Everything ‘s all right…).
“5th April” altra meravigliosa creazione, tenue e sofisticata dalla linea armonica originale e difficile
(non vi tedio ulteriormente con sequenze di accordi), cantata con un filo di voce da Hollis, ormai
orientato su una cifra stilistica di pura arte, in cui si esprimono sofferenza e riflessione, come
peraltro può risaltare dai testi.
“Living in another world” e “Give it up”, così come la conclusiva “Time is time” possono apparire
un accenno di ritorno al passato prossimo di “It’ My life”, ma sono in ogni caso più dense e
profonde, grazie all’ utilizzo di strumenti acustici, intercalati a brevi stacchi di chitarra elettrica
distorta e al sottofondo di basso e organo, nonché armonica a bocca (Mark Feltham).
La verla perla dell’ album, a mio giudizio, è però la fragile, crepuscolare “Chameleon Day”, prima
sussurrata da Hollis su celestiali accordi di pianoforte, poi disperatamente recitata su registri più
alti. Tre minuti e 20 secondi da brivido.
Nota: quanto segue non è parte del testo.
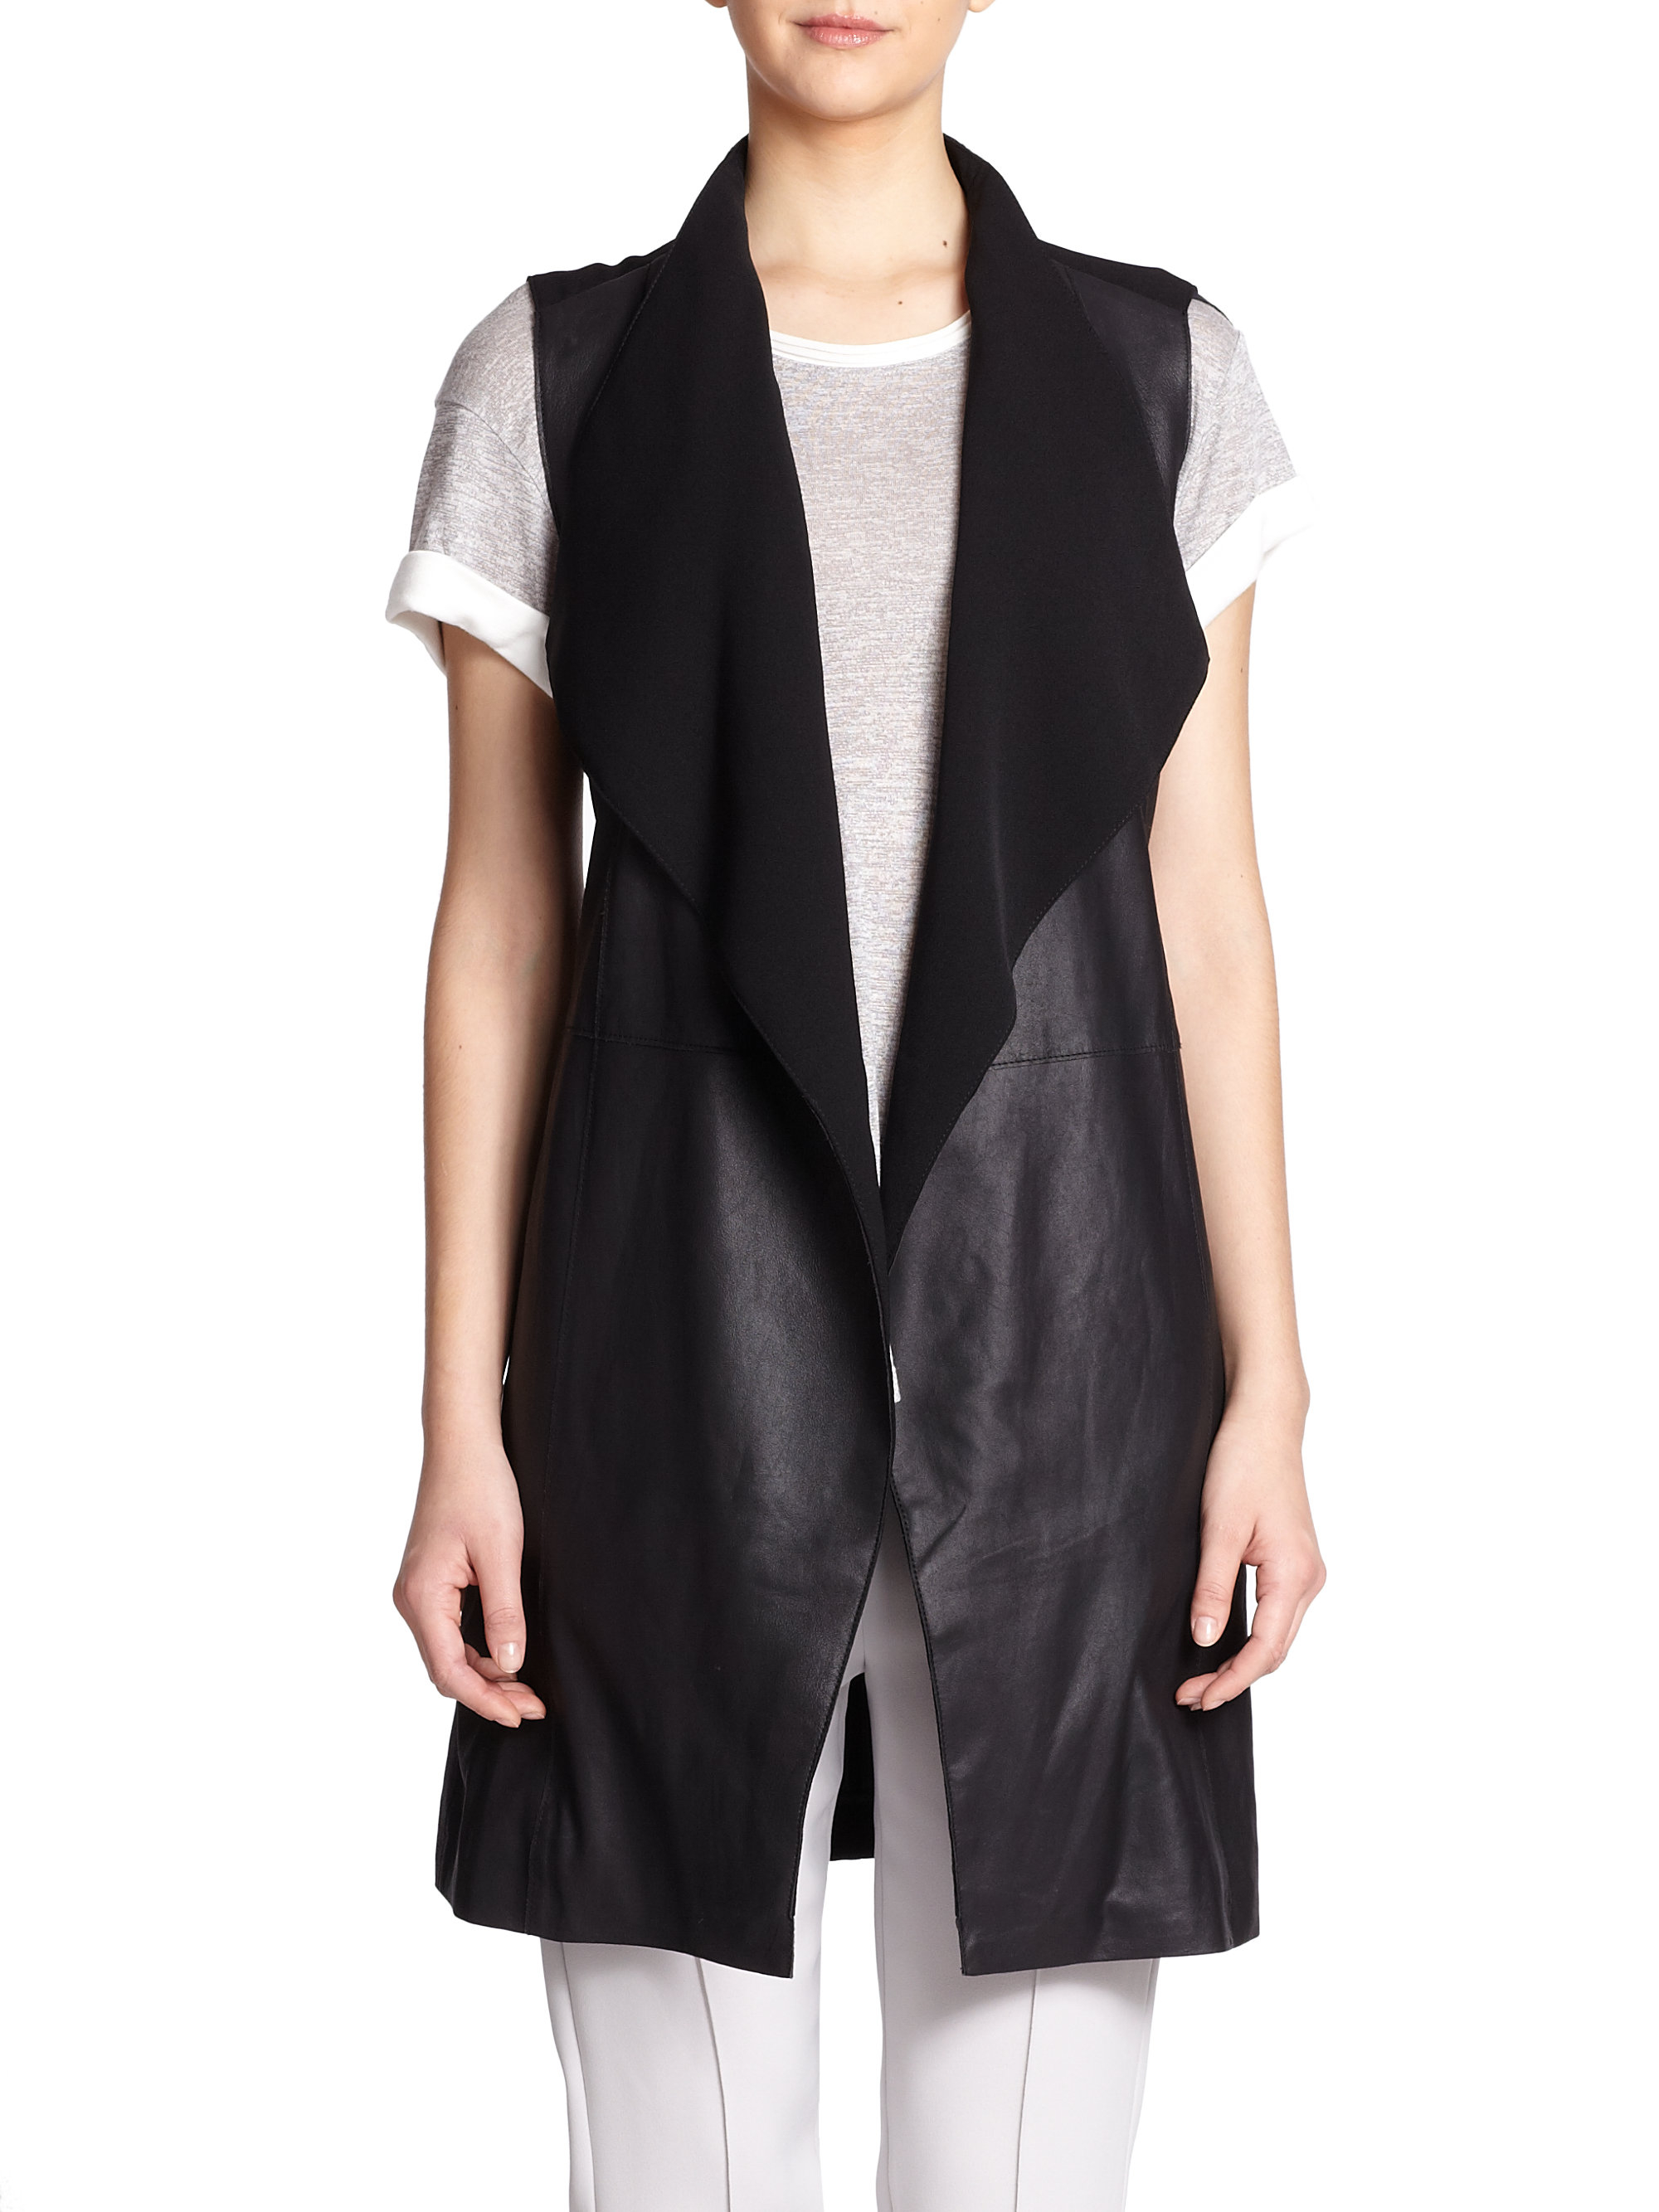 Vince Black Long Leather Vest Product 1 27241841 0 861318896 Normal 
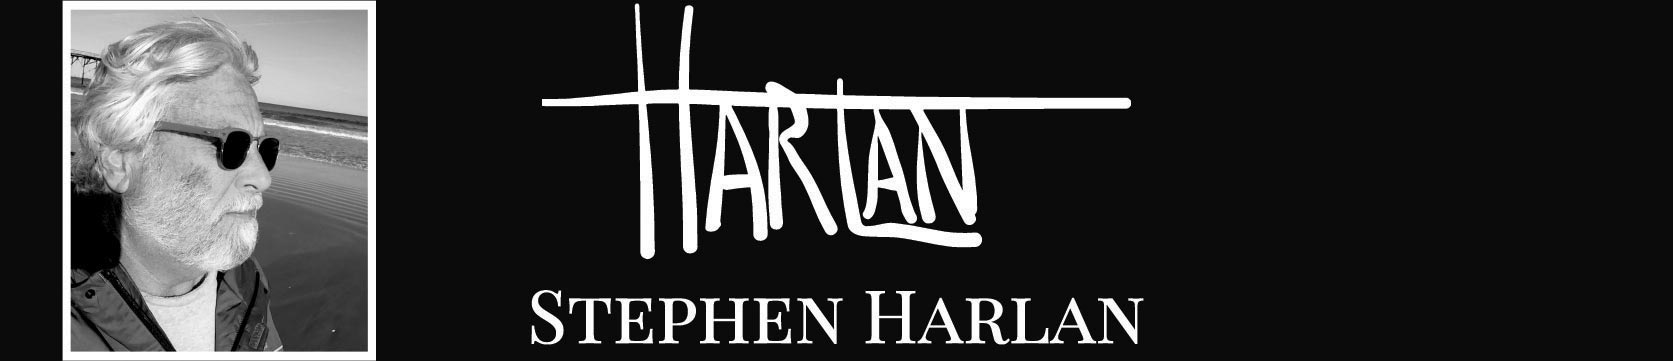 Stephen Harlan Artist

Ecco il Camaleonte ha compiuto la metamorfosi come dimostreranno Spirit of Eden e Laughing
Stock, tra il 1988 e 1991.
Poi il gruppo si scioglie; Harris e Webb formano un nuovo gruppo musicale, gli O.rang. Mark
Hollis, dopo alcuni anni produce un album omonimo, per poi ritirarsi definitivamente a vita privata
e facendo perdere le proprie tracce. Friese-Greene continua la sua carriera di produttore e session
man con lo pseudonimo di “Heligoland”.
Nati come cloni di gruppi alla moda i Talk Talk hanno saputo scrivere una fra le pagine più belle
della musica contemporanea.
Troppo bella per durare a lungo.
Come ha ben detto Paolo Sforza su Onda Rock: “I Talk Talk si sono resi protagonisti di una delle
più imprevedibili e meravigliose metamorfosi musicali che la storia del pop e del rock abbia
conosciuto. Pochi artisti, o band, sono passati in maniera così radicale da una completa aderenza
alle mode musicali, nella prima parte della carriera, a una completa autonomia da queste, cosa
avvenuta gradualmente nella seconda fase della loro vita artistica”.
Non posso concludere queste righe senza ricordare chi mi fece conoscere i Talk Talk circa
trent’anni fa: la mia amica e allora compagna di studi Annagrazia D.
Persona di straordinaria sensibilità, cultura e intelligenza, nonché dotata di buon gusto musicale.